Under Pulis in the Premier League, however, the club’s transfer outlay was just short of £80 million, a figure only outmatched by Chelsea and Manchester City. Between Pulis’ arrival at the club in 2006 and his departure, the wage bill increased from £7 million to £53 million. For the type of players Pulis’ system favors, this comes as a bit of a shock. How is it that a collection of out-of-fashion utility players and the vertically unchallenged cost nearly as much, indeed more, than much more capable teams? One cannot blame club ownership for believing that this might be too high a price for a team with such a clearly visible ceiling. They let Pulis go at the conclusion of the 2012-13 season.

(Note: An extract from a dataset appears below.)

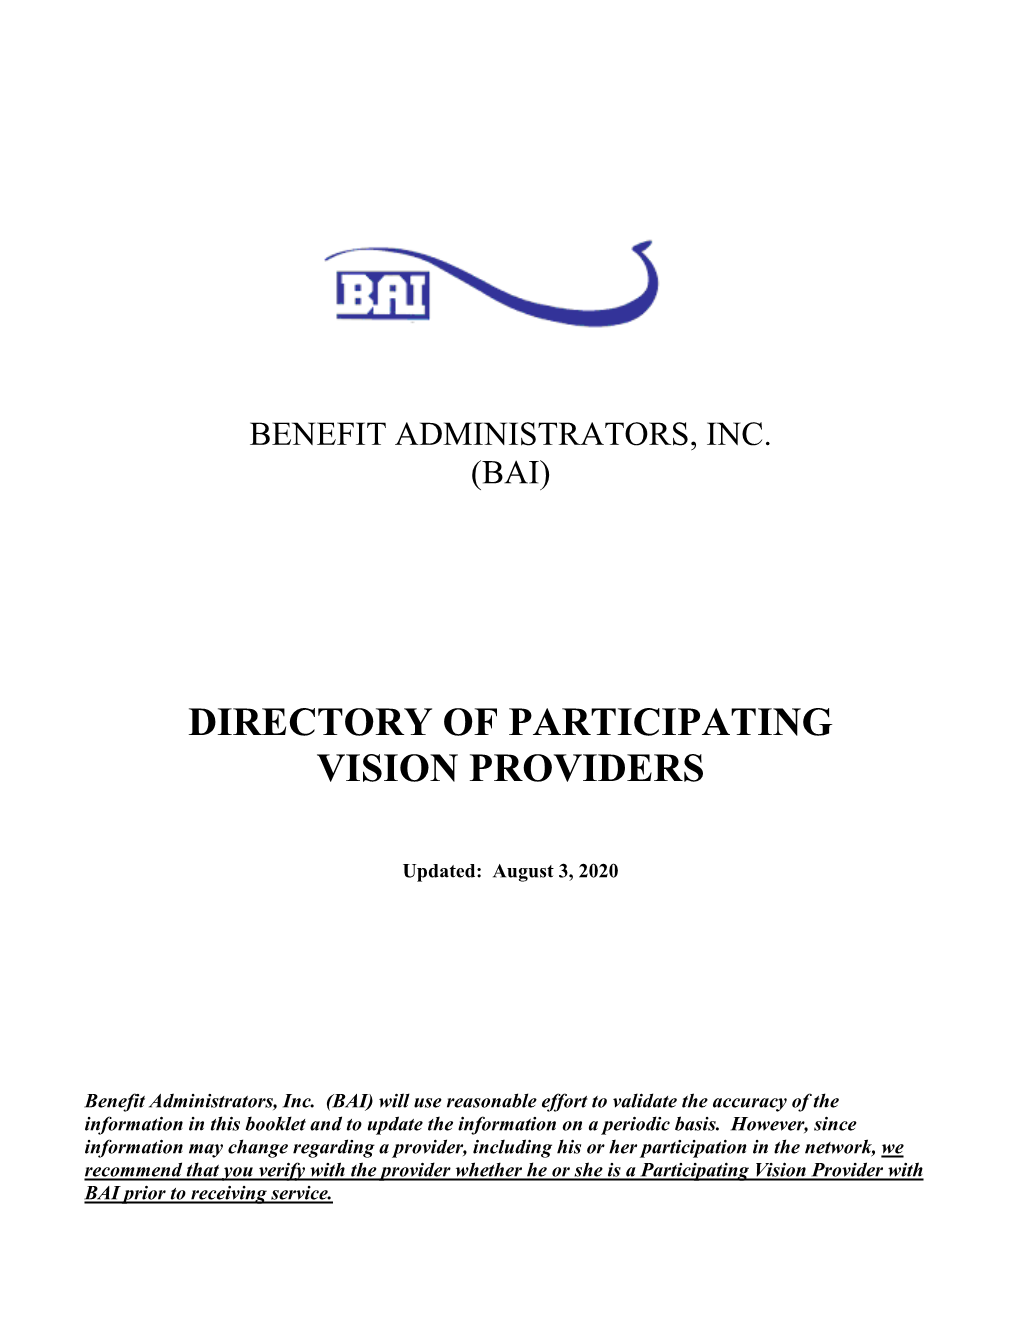 Directory of Participating Vision Providers

In his place, the club brought in the relatively steady hand of Mark Hughes. He is a difficult manager to codify. He does not represent a singular style the same way Pulis did, nor does it seem appropriate to label him as tactically pragmatic the way you could Sir Alex Ferguson or Jose Mourinho. His Blackburn side finished each of his four years in charge at the bottom of the Premier League’s disciplinary table and was frequently criticized for being overly violent. Three years later, his Fulham side earned a place in the UEFA Europa League under the Fair Play program that rewards teams with the best disciplinary records in their respective leagues. His arrival at Manchester City in 2008 coincided with the Sheikh Mansour’s purchase of the club and the ensuing cash influx. These days at a Stoke anxious to avoid the inflated finances of the Pulis years, he is in the process of redefining and rebranding the entire club on a shoestring. Perhaps the best metaphor for Hughes is the goldfish – his teams will grow exactly as much as the environment allows.
What makes Hughes’ time at Stoke remarkable is exactly how he’s letting the team grow. Other managers might have worked with what they have and simply repurposed players as best they could. Instead, Hughes offloaded almost a dozen players, reducing club payroll considerably and opening up significant space in the roster. In their place he’s relied on some savvy scouting to recruit relative unknowns like Marko Arnautović and Mame Biram Diouf on the cheap. His inaugural season could only have emboldened him – his Stoke City finished ninth in the Premier League. It was a height that the club had not achieved since the mid-70s. Though the core of Pulis’ physical team remains, it is now complemented by players who can do much more than punt the ball and head it into the net.
Let this be the most telling statistic. Of the 23 goals Stoke has scored so far in the Premier League this season, 17 have been from open play and only three from set pieces. One does not often witness sea changes such as this in soccer, particularly from clubs that were as fundamentalist in their style as Stoke. No longer does the club have to rely on towering over their opponents to reach the throw in from the touchline. They can play, and even excel, without such gamesmanship.
The marquee signing ahead of this season, Bojan feels like the exclamation point of Hughes’ tenure. Again, he was brought in cheaply, but his price tag belied his significance in Hughes’ philosophy. Still only 24, he’s the type of player that the club could rebuild itself around. Even with missing the rest of the season due to Monday’s injury, he’s done his part to help Stoke reach 10th place by the end of January. Though they would certainly prefer to end the season with Bojan’s skill in play, one gets the impression that Hughes’ rejuvenated Stoke City can hold on.